Si tratta di una clausola sul gender equity rivolta alle aziende che vorranno accedere a fondi di Next Generation EU. «Ho chiesto direttamente dettagli sulla clausola, ma le risposte sono state poche. Quando si domanda quali siano i numeri, se sarà obbligatoria, se sarà associata a degli sgravi fiscali, la risposta è sempre “non lo sappiamo”. Non sono chiari nemmeno quali saranno i criteri di equità che l’azienda dovrà rispettare, né quali saranno le conseguenze ex post per l’azienda che accede ai fondi ma che non rispetta la clausola. La previsione della clausola ci colloca però nella giusta direzione. E permetterà, forse, di sanare almeno in parte ciò che manca nel PNRR in termini di parità di genere».

Accanto alle cinque Missioni, il PNRR prevede anche delle riforme in grado di «mitigare le conseguenze economiche e sociali della crisi e a rafforzare la coesione economica e sociale del Paese» (p.78). Tra queste c’è il Family Act (“Deleghe al governo per l’adozione dell’assegno universale e l’introduzione di misure a sostegno della famiglia”), un disegno di legge pensato per le famiglie con figli e che promuove la partecipazione delle donne al mercato del lavoro. Quattro sono gli obiettivi a favore dell’occupazione femminile che il Family Act vuole perseguire con misure ad hoc:

  1. istituire un assegno unico universale mensile per ogni figlio a carico;
  2. rafforzare le politiche di sostegno alle famiglie per le spese educative, scolastiche, sportive e culturali;
  3. riformare i congedi parentali, introducendo congedi di paternità obbligatori e strutturali ;
  4. introdurre incentivi al lavoro femminile come detrazioni per i servizi di cura, promozione del lavoro flessibile, … ;

La prima misura è l’unica che, a oggi, è stata attuata. Nel concreto, quando si parla di “assegno unico universale” ci si riferisce a beneficio economico riconosciuto dallo Stato alle famiglie con figli a carico e che incorpora, in un’unica soluzione, tutte le detrazioni e tutti i benefici previsti fino ad ora per i figli a carico. L’ammontare dell’assegno è parametrato alla condizione economica del nucleo familiare, che viene individuata attraverso l’Isee (Indicatore della situazione economica equivalente). All’art.2 del disegno di legge è previsto che il Governo, entro dodici mesi dall’entrata in vigore della legge delega, sia delegato ad adottare «uno o più decreti legislativi volti a riordinare, semplificare e potenziare, anche in via progressiva, le misure a sostegno dei figli a carico attraverso l’assegno unico e universale».

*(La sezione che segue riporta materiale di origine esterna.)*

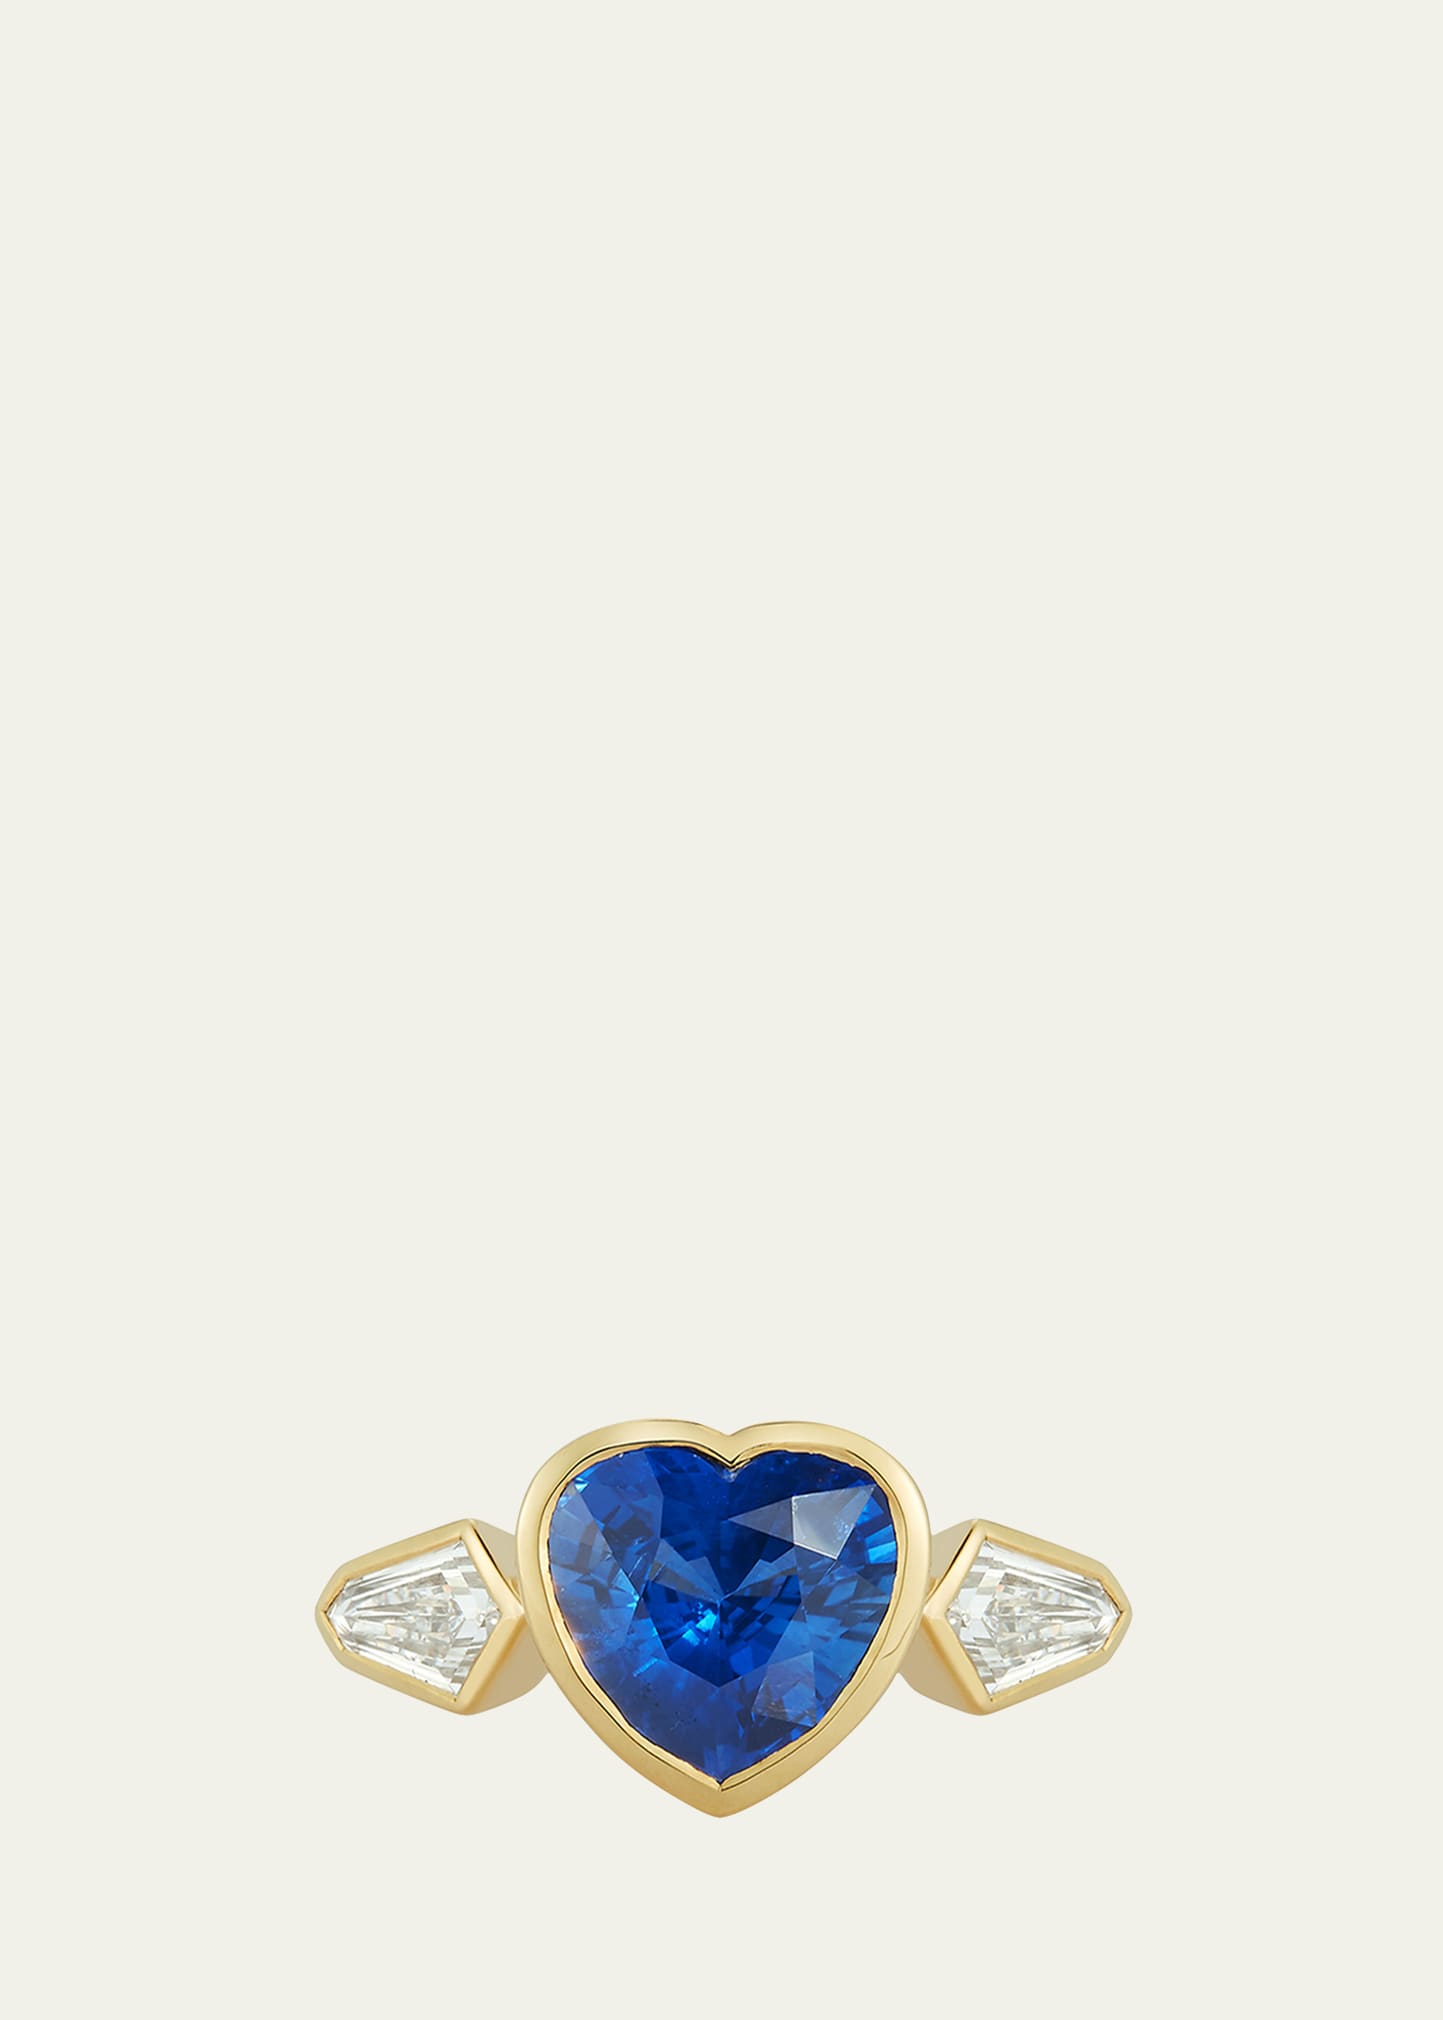 Jemma Wynne One-of-a-Kind Blue Sapphire Heart and Diamond Autumn Ring

A pagina 79 del PNRR viene precisato che l’assegno unico universale, a decorrere dal 2022, verrà sostenuto da fondi stanziati dal Governo con la legge di bilancio 2021 (art.1 commi 2-7 della legge n.178/20202) nel complesso non inferiori a 5 miliardi di euro e non superiori a 6 miliardi di euro. La misura, nella forma così descritta, entrerà in vigore dal 1° gennaio 2022. Dal 1° luglio 2021 e fino al 31 dicembre 2021 è tuttavia previsto un “assegno ponte” con figli minori di 18 anni a carico e che non sono beneficiari dell’Assegno per il Nucleo Familiare.

Ma si tratta davvero di un assegno universale?

«La strategia per la parità di genere del Family Act mi lascia un po’ tiepida. Da economista sono per definizione quantitativa, quindi se al di là delle dichiarazioni non vedo i numeri, i fondi, le facilitazioni, mi chiedo: quantitativamente cosa stiamo facendo? Questa è una parte che ancora manca.

Sull’assegno universale: c’è sempre il grande tema che noi fingiamo di ignorare, cioè che le persone che pagano le tasse per il reddito effettivo non sono la totalità del Paese. Abbiamo una quota di evasione che si aggira attorno al 20-30%, quindi una persona su tre che lavora non paga le tasse che dovrebbe. Vincolare misure come l’assegno universale all’Isee significa due cose: da un lato non riconoscere la vera universalità della misura, che dovrebbe essere scollegata dal reddito; dall’altro , aiutare potenzialmente famiglie che non ne hanno reale bisogno, rischiando di non supportare i nuclei familiari di classe media che hanno reale necessità di un supporto da parte dello Stato».